### PROVIDED DATA

━━━━━━━━

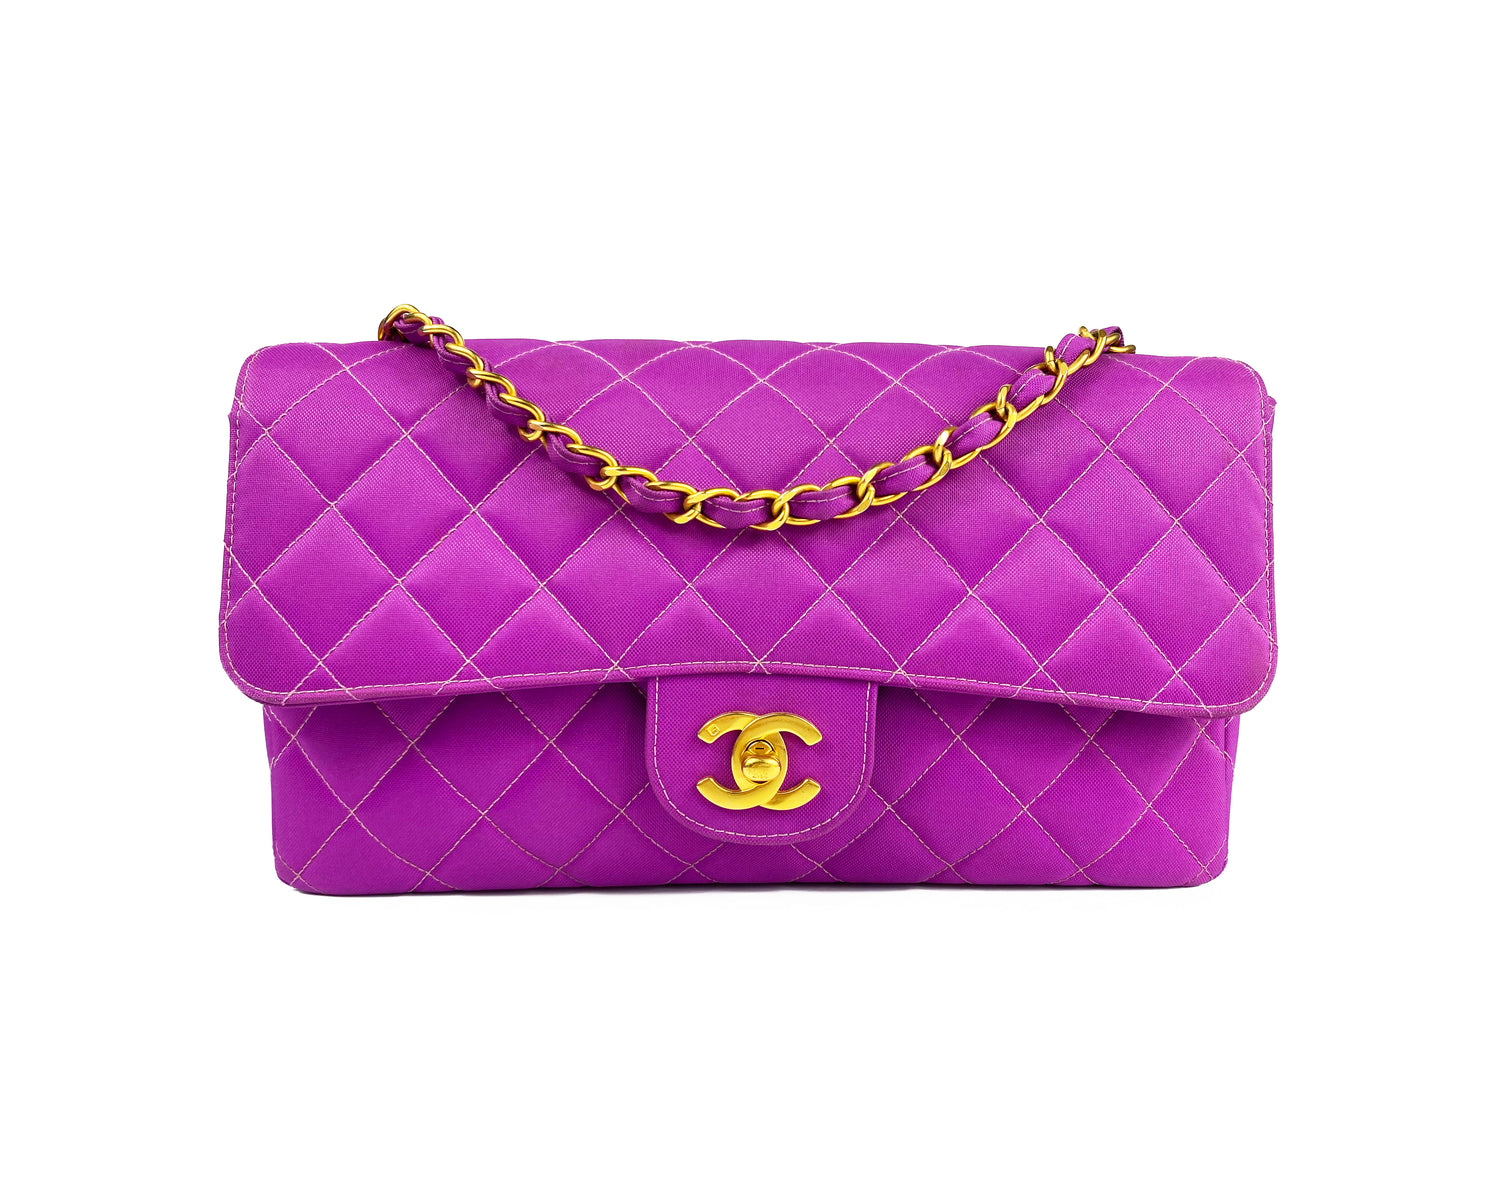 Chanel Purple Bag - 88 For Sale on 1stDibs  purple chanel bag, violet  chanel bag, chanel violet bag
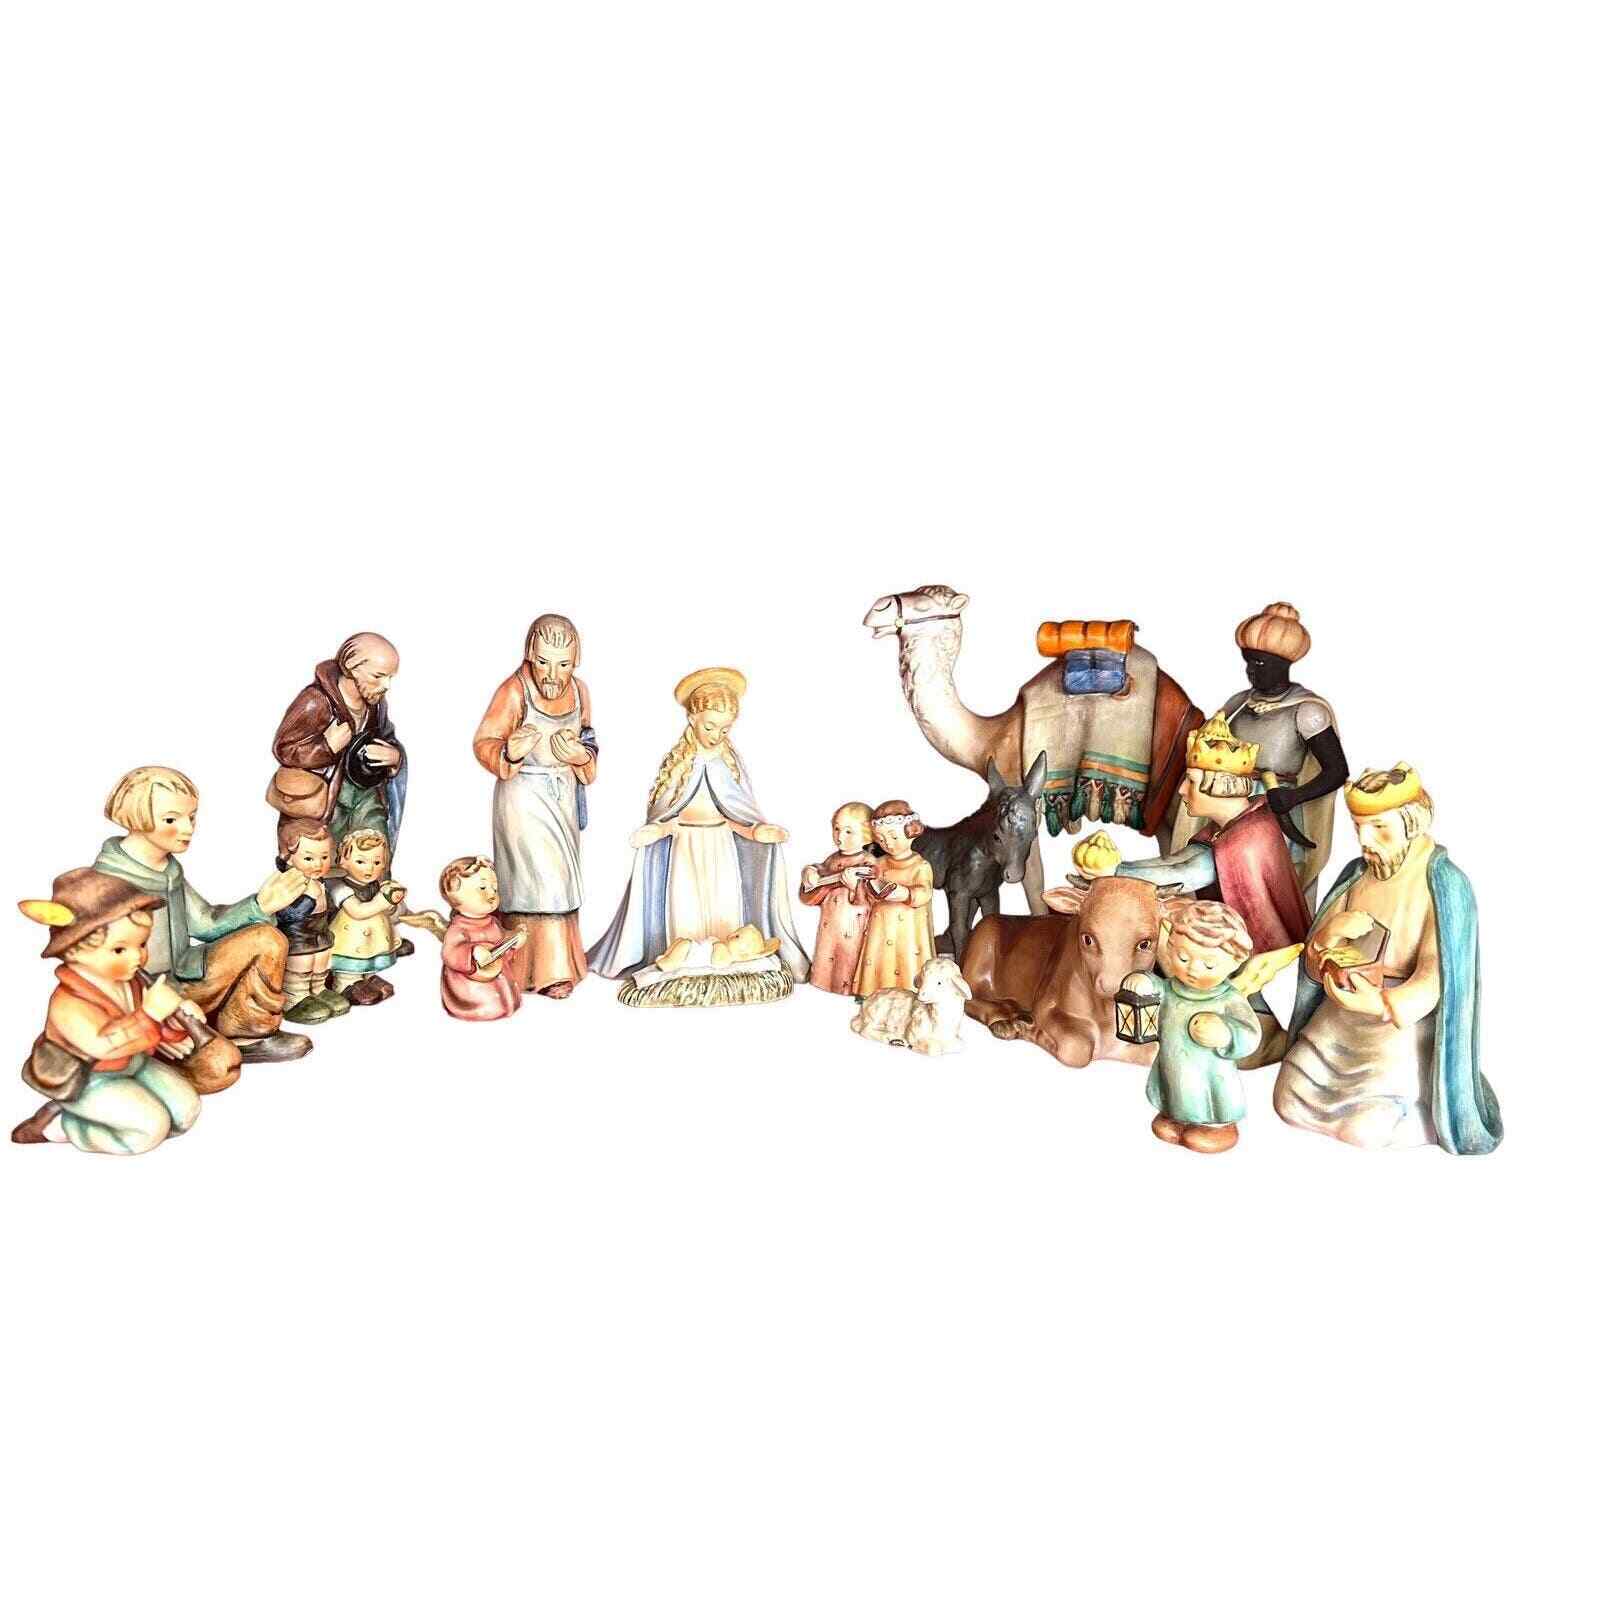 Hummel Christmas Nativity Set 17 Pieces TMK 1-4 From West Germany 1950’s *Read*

━━━━━━━━

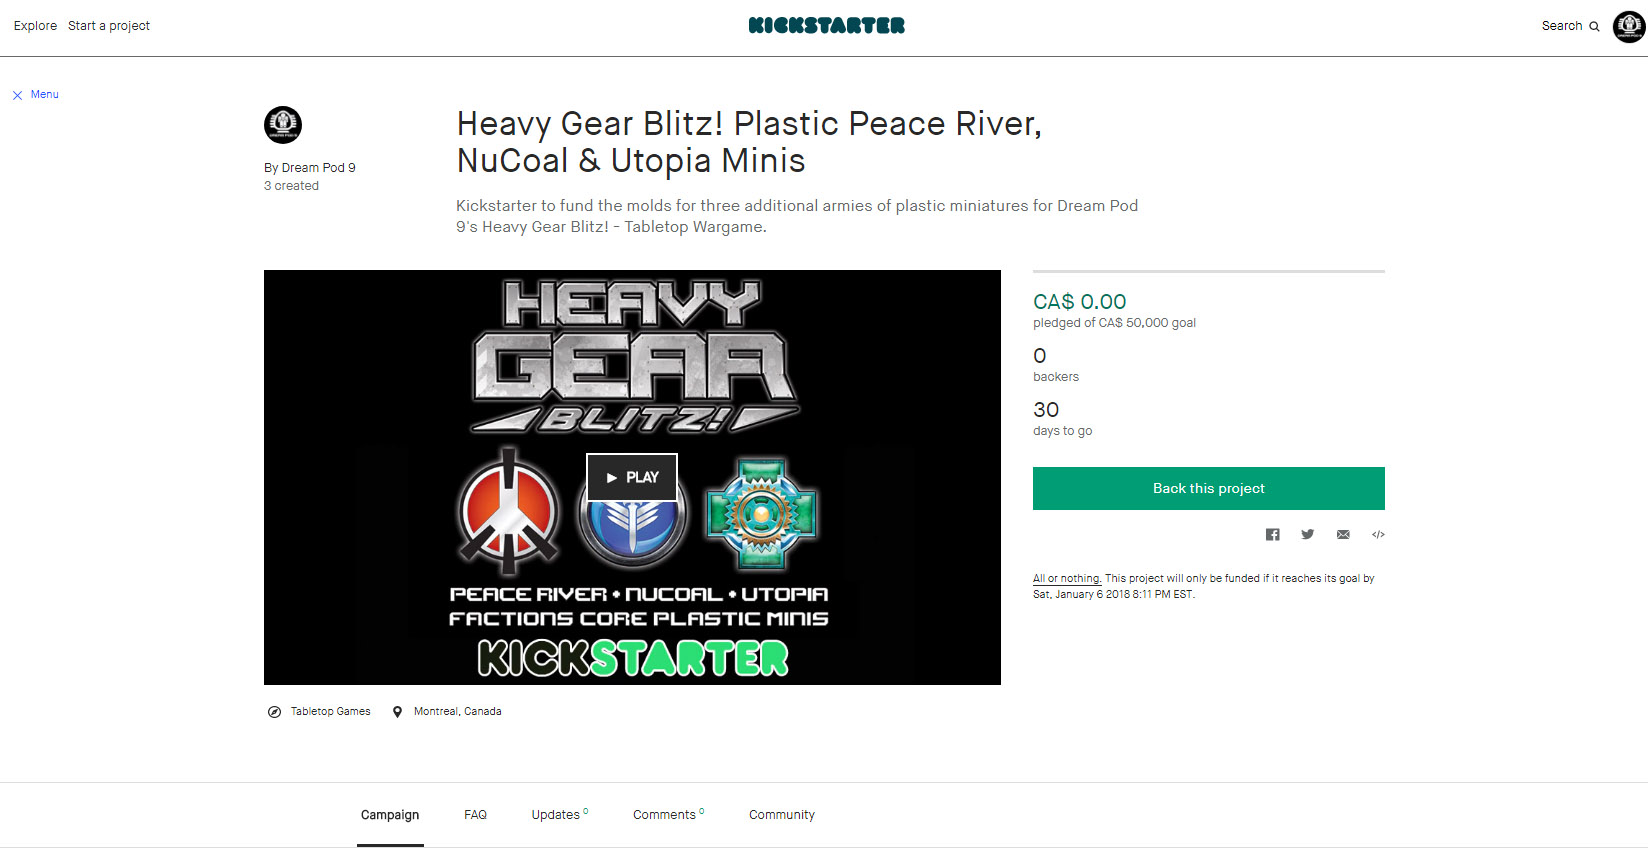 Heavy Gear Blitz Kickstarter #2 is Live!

━━━━━━━━

### PROBLEM
Range to copy from the records above: the line containing "Chanel Purple Bag" to the line containing "Hummel Christmas Nativity", both included. Output those lines exactly and only those, skipping pictures.

### EXERCISE OUTPUT
 Chanel Purple Bag - 88 For Sale on 1stDibs  purple chanel bag, violet  chanel bag, chanel violet bag
 Hummel Christmas Nativity Set 17 Pieces TMK 1-4 From West Germany 1950’s *Read*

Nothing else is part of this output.